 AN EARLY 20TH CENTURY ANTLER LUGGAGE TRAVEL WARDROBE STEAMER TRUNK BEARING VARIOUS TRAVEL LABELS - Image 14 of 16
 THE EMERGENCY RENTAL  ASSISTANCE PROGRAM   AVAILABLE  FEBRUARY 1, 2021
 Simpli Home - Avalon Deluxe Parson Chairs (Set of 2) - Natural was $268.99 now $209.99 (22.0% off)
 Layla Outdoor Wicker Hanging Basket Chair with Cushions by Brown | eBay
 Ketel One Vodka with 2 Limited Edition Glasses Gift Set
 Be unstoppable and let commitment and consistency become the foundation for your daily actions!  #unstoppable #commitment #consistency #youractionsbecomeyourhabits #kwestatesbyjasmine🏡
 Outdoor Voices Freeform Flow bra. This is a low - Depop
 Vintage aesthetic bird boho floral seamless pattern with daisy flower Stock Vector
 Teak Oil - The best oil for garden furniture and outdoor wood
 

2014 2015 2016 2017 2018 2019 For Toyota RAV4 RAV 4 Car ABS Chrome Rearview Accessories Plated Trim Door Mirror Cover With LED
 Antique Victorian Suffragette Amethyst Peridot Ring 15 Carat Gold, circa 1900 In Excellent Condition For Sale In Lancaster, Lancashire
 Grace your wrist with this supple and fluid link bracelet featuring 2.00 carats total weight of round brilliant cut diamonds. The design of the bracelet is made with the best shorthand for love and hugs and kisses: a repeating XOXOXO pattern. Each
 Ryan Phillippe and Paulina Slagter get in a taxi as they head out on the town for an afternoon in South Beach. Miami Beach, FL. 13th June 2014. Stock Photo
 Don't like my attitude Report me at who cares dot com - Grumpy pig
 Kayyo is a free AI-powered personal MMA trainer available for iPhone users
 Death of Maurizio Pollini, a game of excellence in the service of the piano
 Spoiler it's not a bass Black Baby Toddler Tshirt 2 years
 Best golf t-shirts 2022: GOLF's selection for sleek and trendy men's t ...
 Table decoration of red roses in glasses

------------

Aim of the task: Looking only at the listing, say how many lines include "your"; reply with the number alone.

Task solution: 2